### PROVIDED MATERIAL
--------
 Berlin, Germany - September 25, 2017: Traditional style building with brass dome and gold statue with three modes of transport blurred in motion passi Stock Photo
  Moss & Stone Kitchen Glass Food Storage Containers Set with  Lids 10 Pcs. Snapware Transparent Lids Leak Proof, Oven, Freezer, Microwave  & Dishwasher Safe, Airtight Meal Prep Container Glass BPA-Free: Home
--------
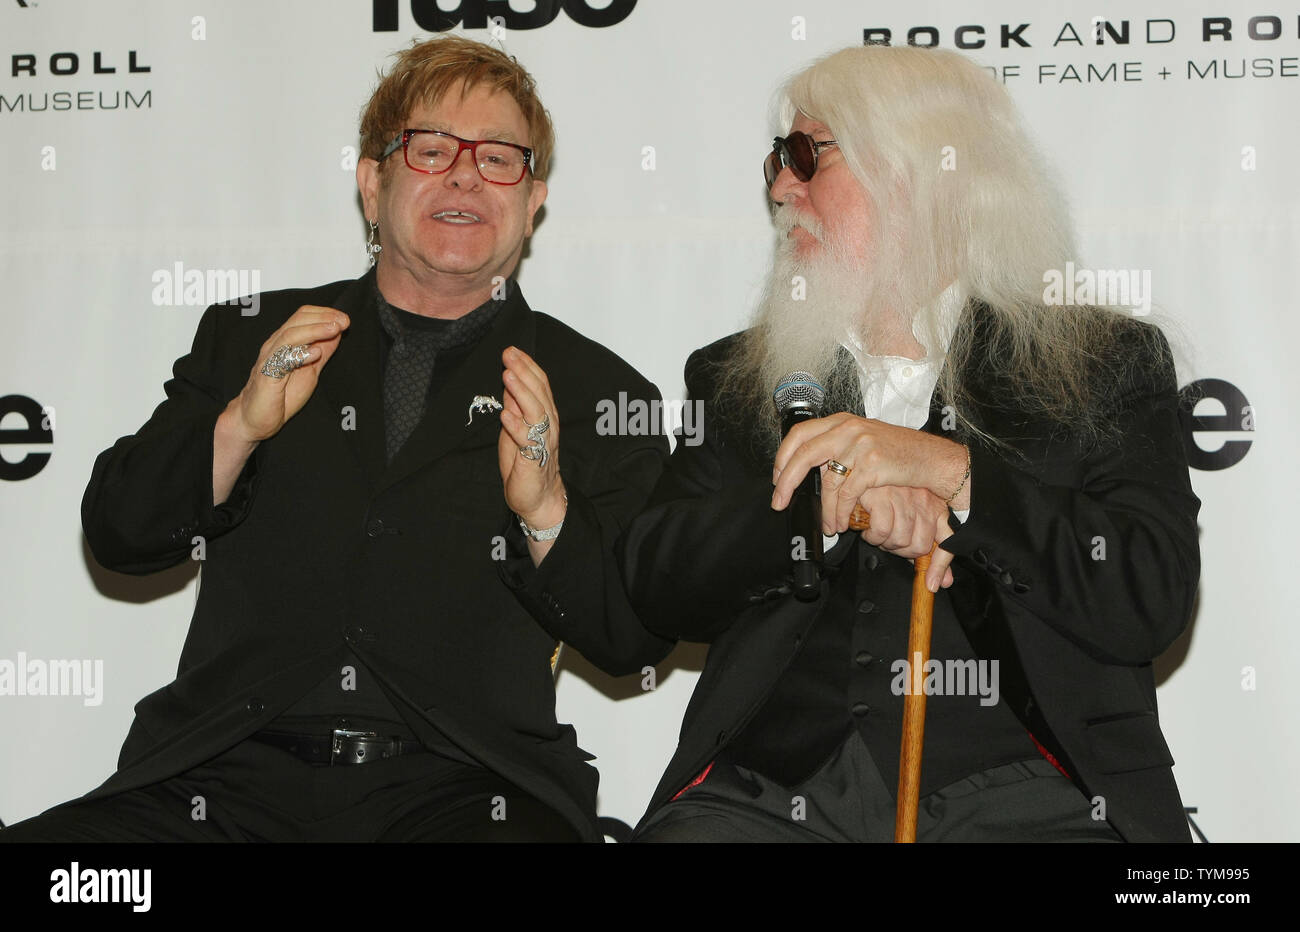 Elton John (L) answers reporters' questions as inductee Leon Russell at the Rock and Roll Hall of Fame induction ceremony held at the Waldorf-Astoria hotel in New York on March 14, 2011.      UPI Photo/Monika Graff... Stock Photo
--------
### ASSIGNED TASK
Would you retype exactly the lines above, from the line with "Berlin, Germany - September" to the line with "Moss & Stone", with both end lines kept and nothing more?

### OUTPUT
 Berlin, Germany - September 25, 2017: Traditional style building with brass dome and gold statue with three modes of transport blurred in motion passi Stock Photo
  Moss & Stone Kitchen Glass Food Storage Containers Set with  Lids 10 Pcs. Snapware Transparent Lids Leak Proof, Oven, Freezer, Microwave  & Dishwasher Safe, Airtight Meal Prep Container Glass BPA-Free: Home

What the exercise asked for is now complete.